#### [WHAT THE TASK ASKS]
From the listing below, restate word for word the lines from the line containing "Rencontrez l'Aderly et" down through the line containing "Wot tank war". Exclude pictures.

#### [SUPPLIED MATERIAL]

Start of Block

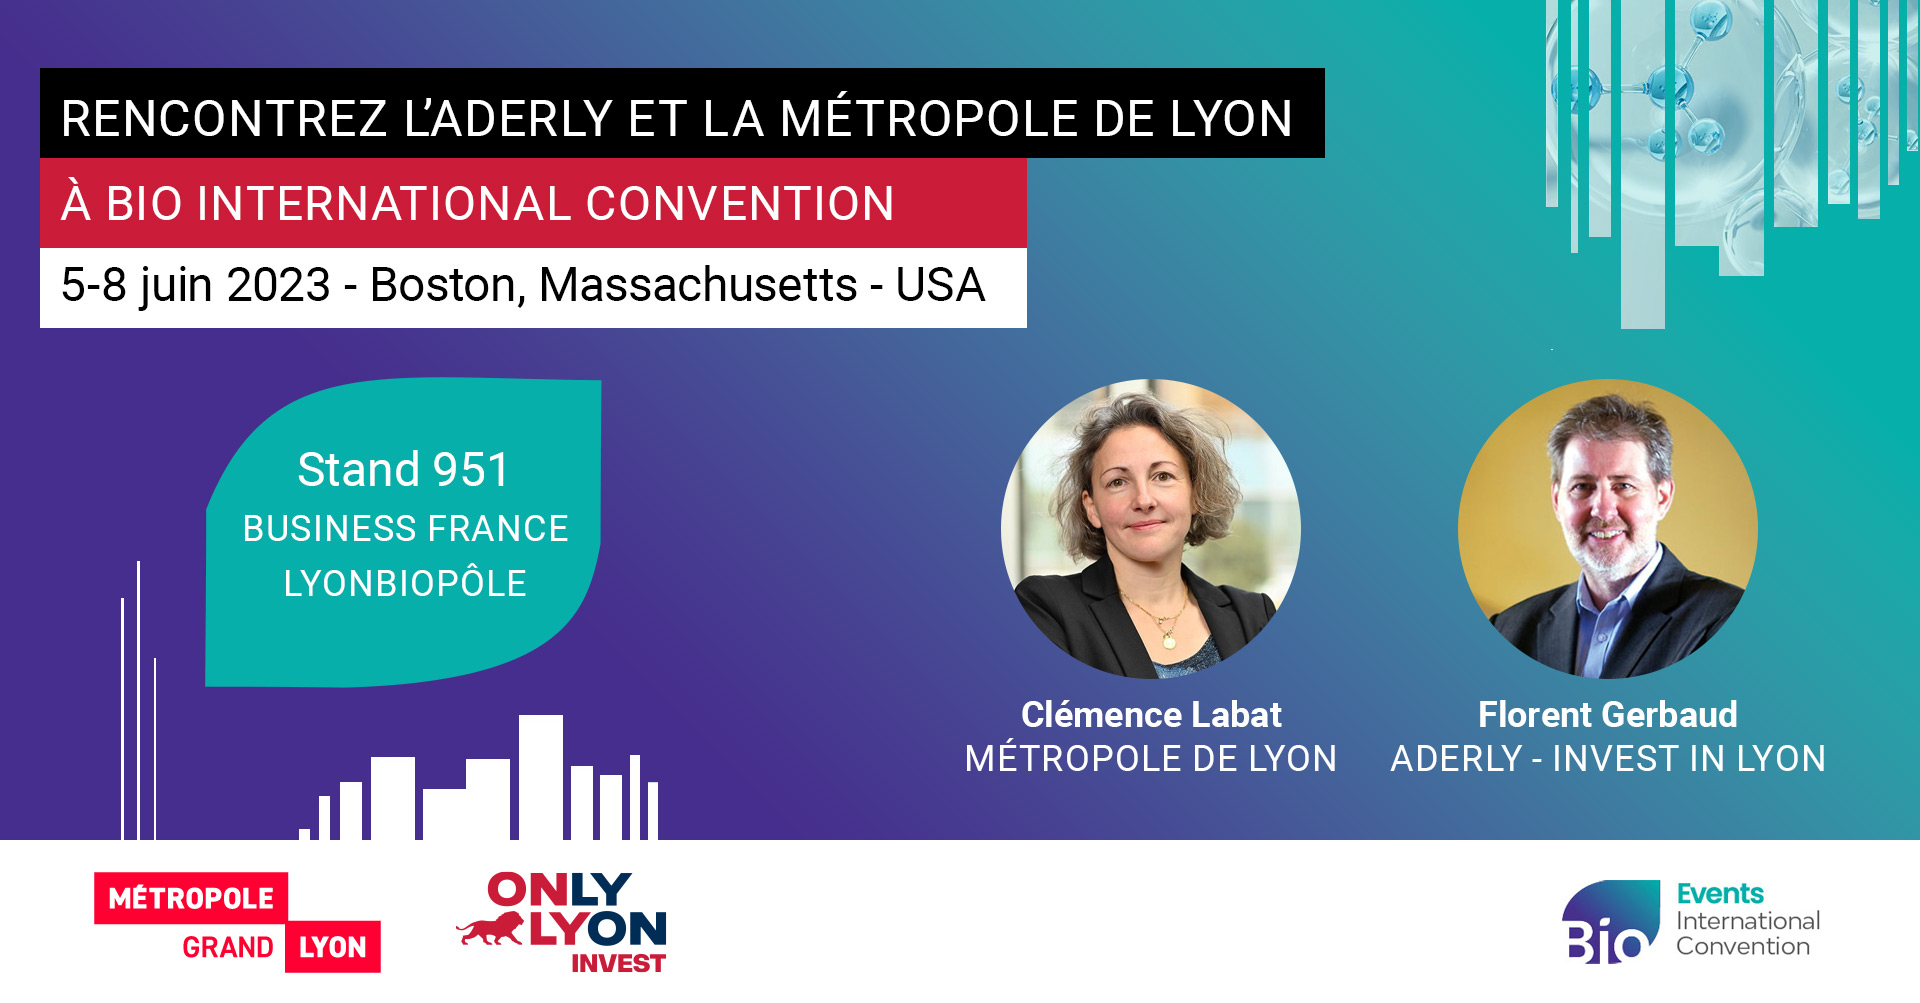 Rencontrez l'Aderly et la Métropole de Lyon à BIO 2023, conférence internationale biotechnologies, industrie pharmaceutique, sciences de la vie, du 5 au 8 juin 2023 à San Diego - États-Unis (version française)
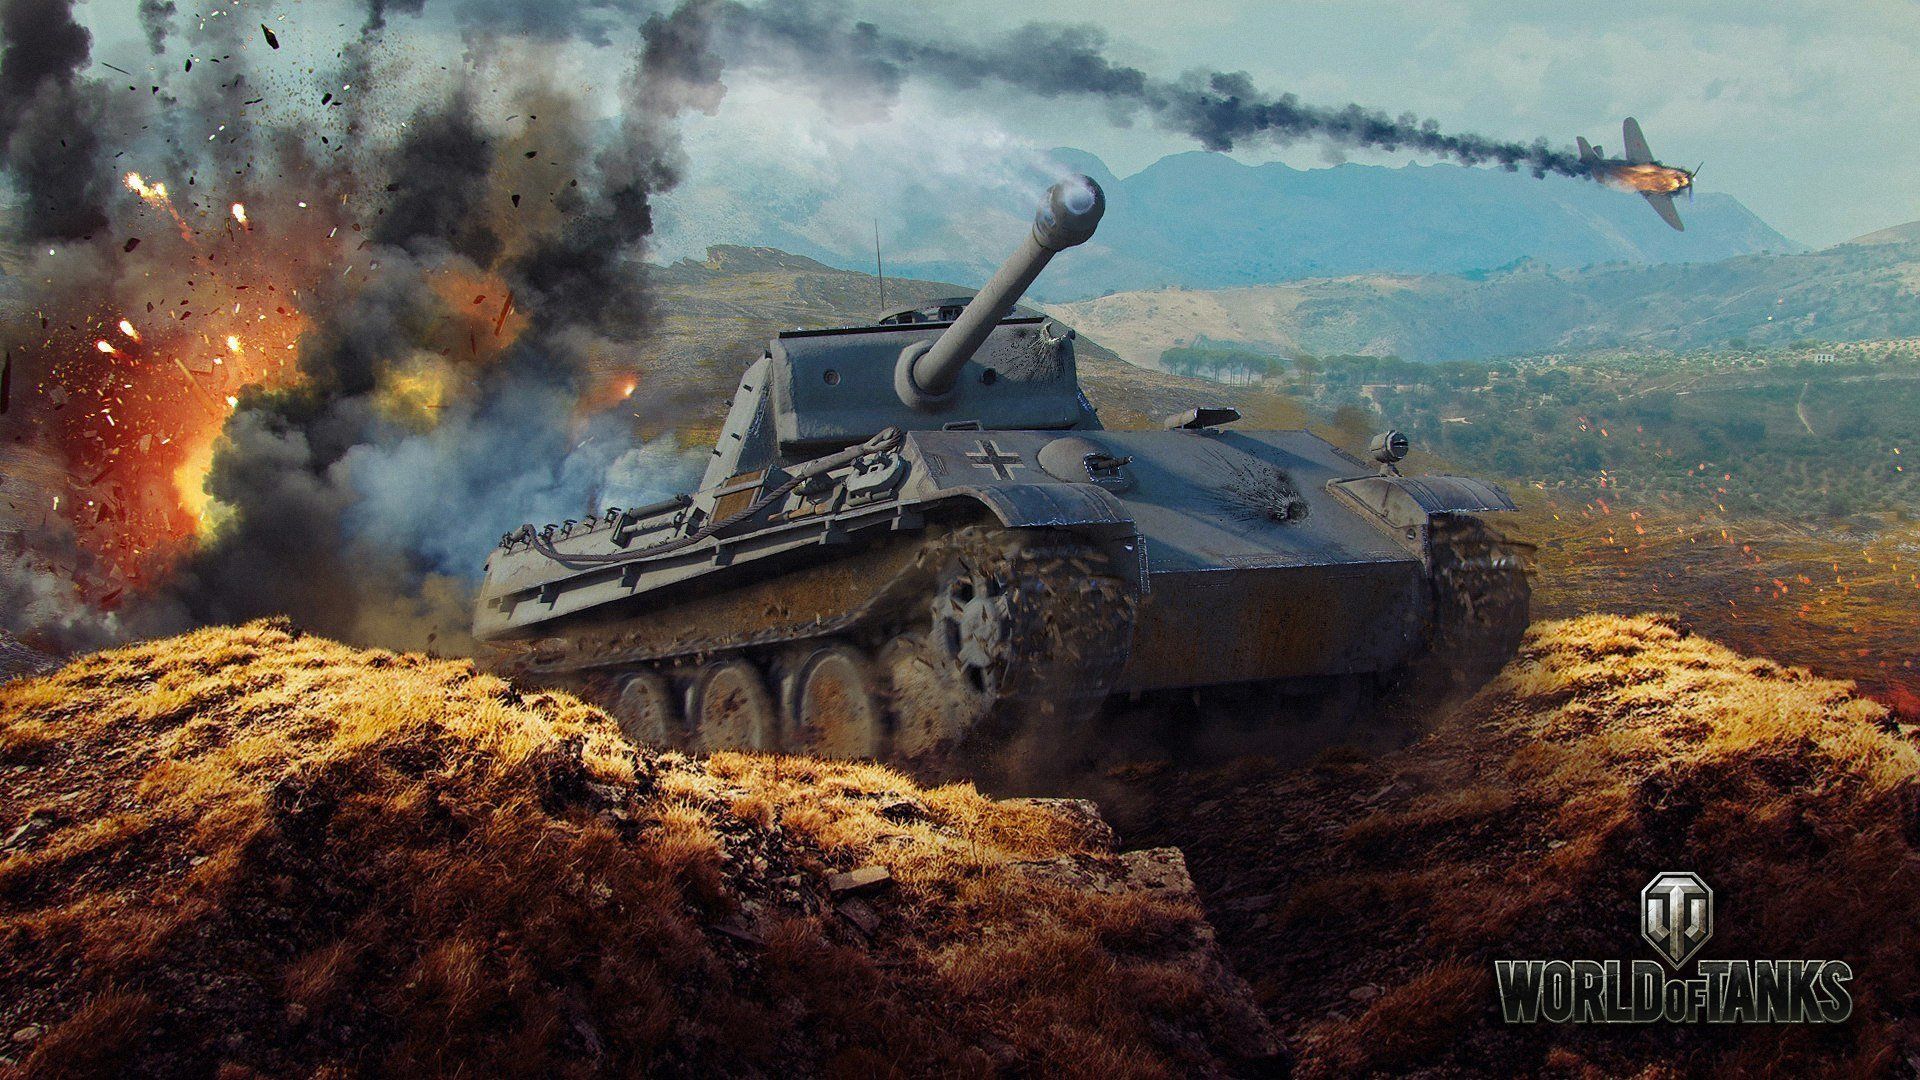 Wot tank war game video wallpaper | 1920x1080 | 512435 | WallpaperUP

End of Block
Start of Block

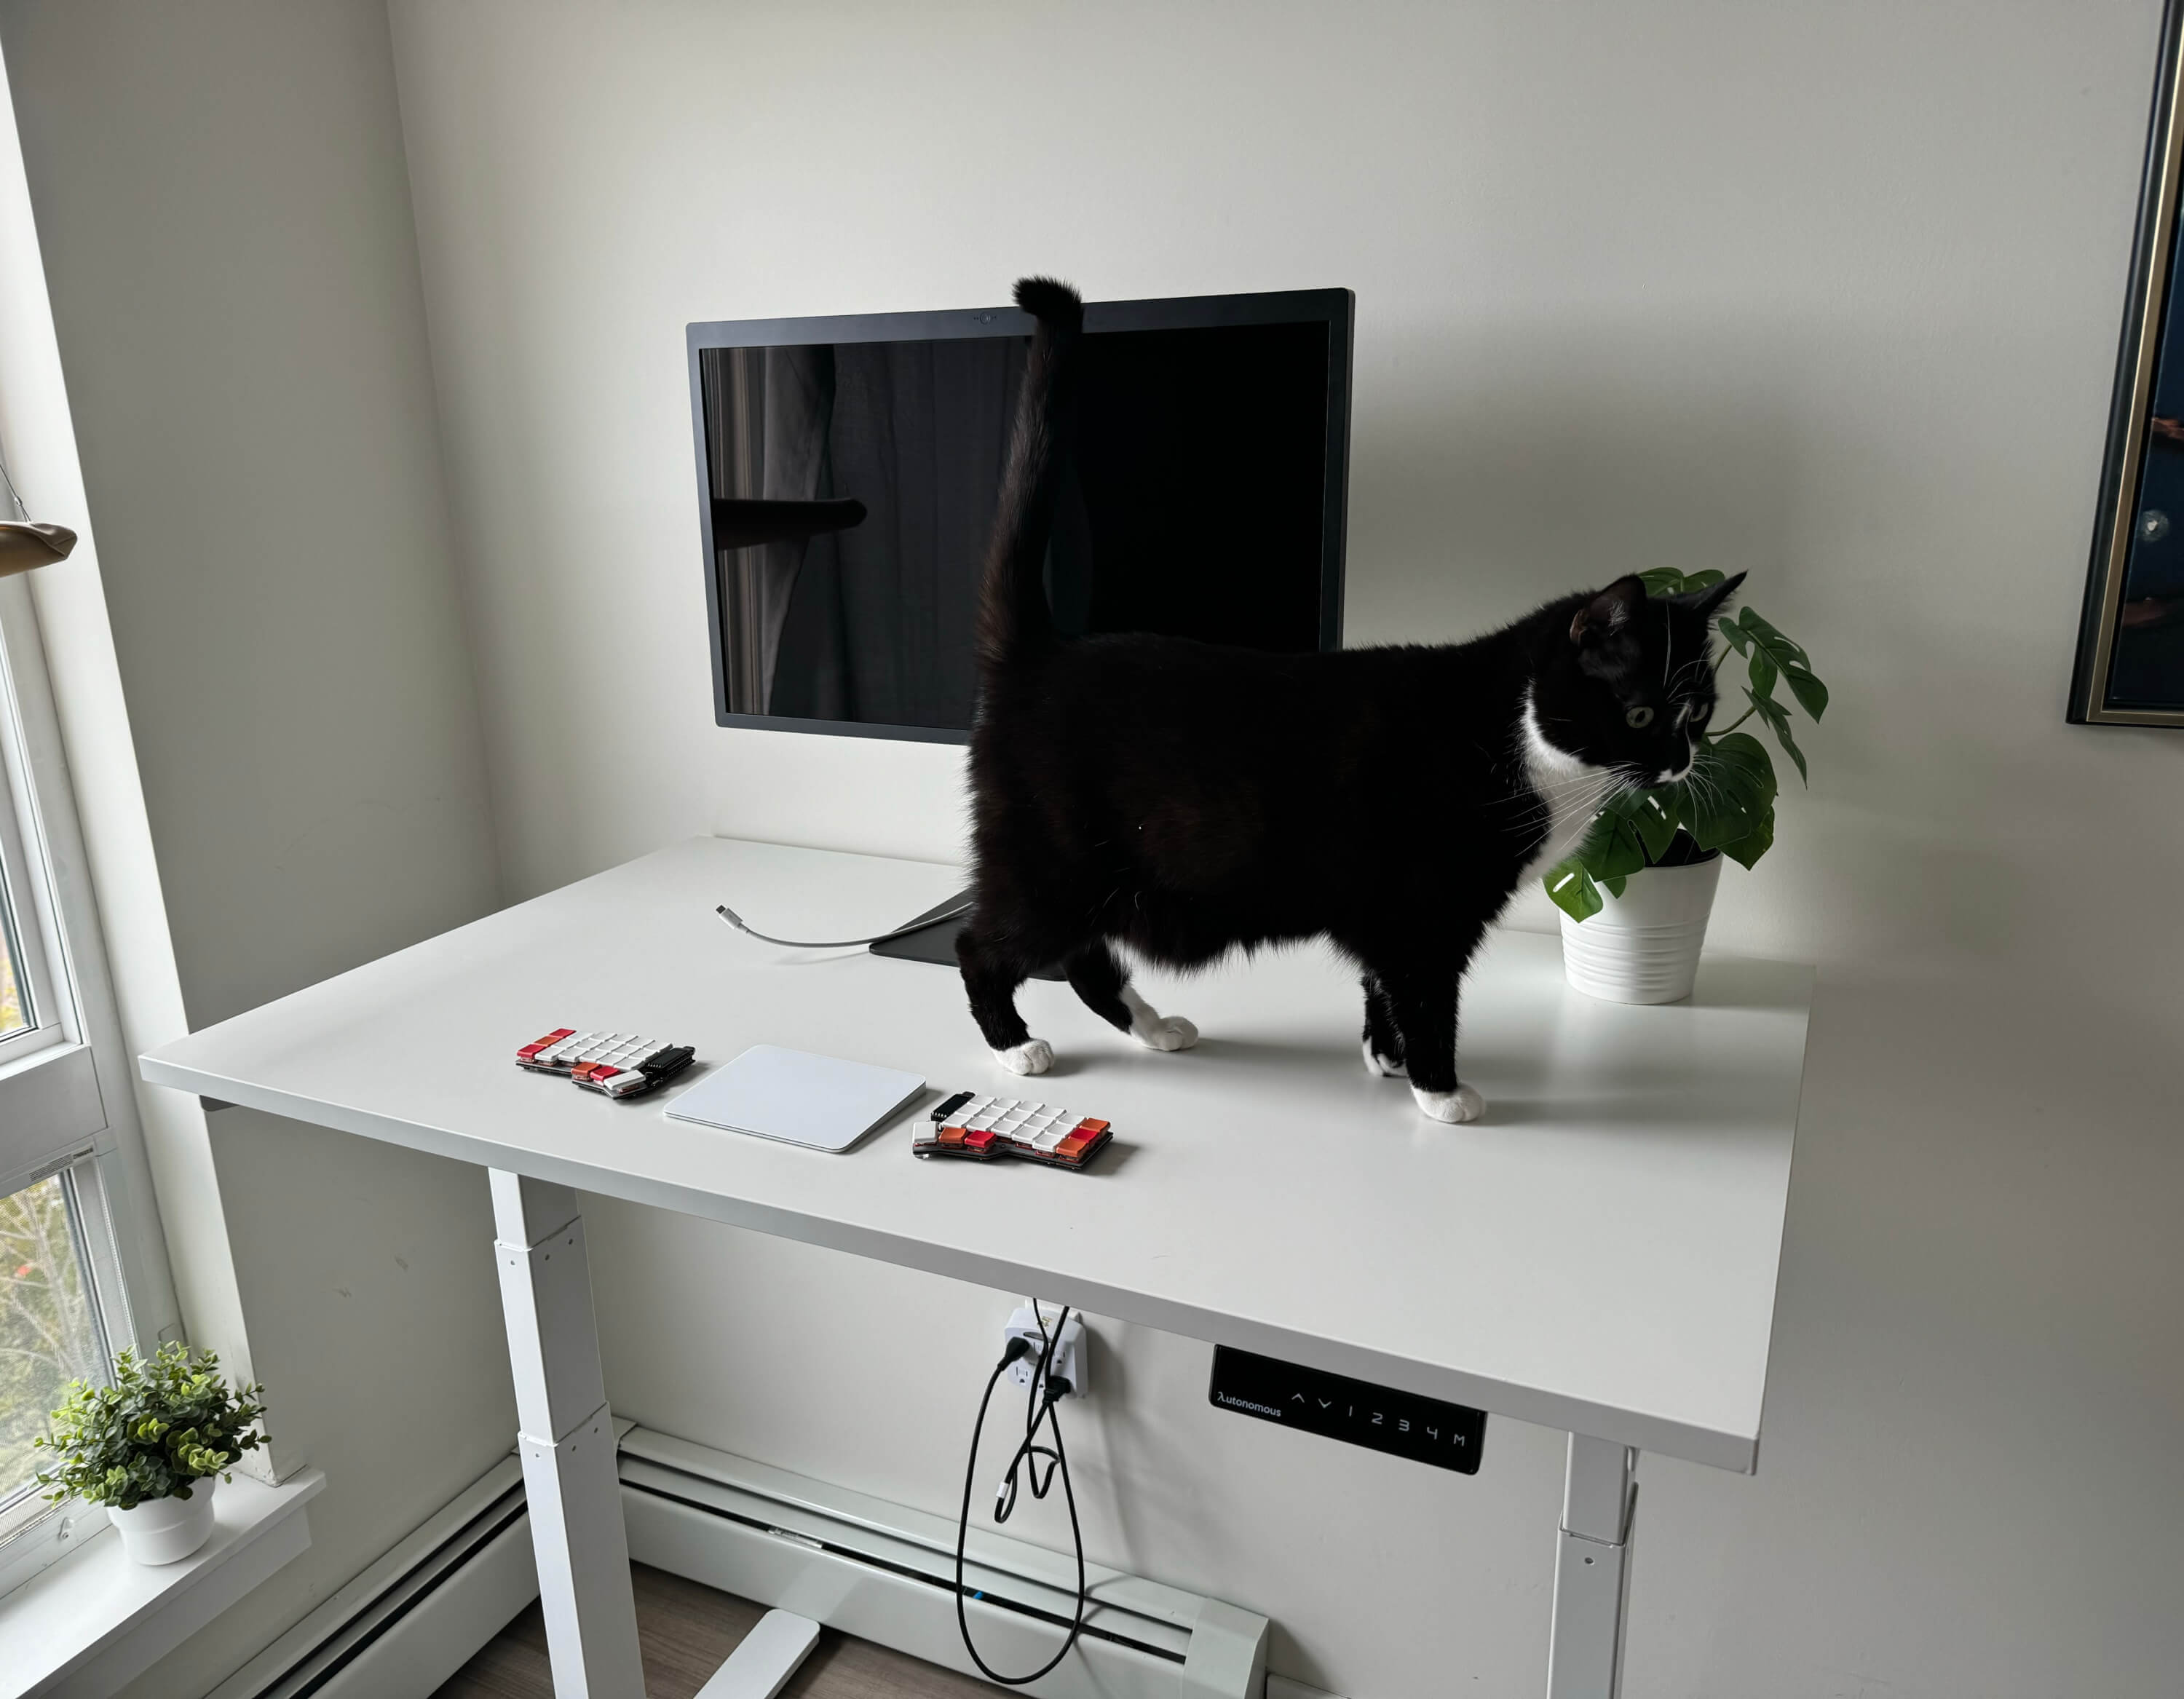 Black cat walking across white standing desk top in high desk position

End of Block

#### [EXERCISE OUTPUT]
 Rencontrez l'Aderly et la Métropole de Lyon à BIO 2023, conférence internationale biotechnologies, industrie pharmaceutique, sciences de la vie, du 5 au 8 juin 2023 à San Diego - États-Unis (version française)
 Wot tank war game video wallpaper | 1920x1080 | 512435 | WallpaperUP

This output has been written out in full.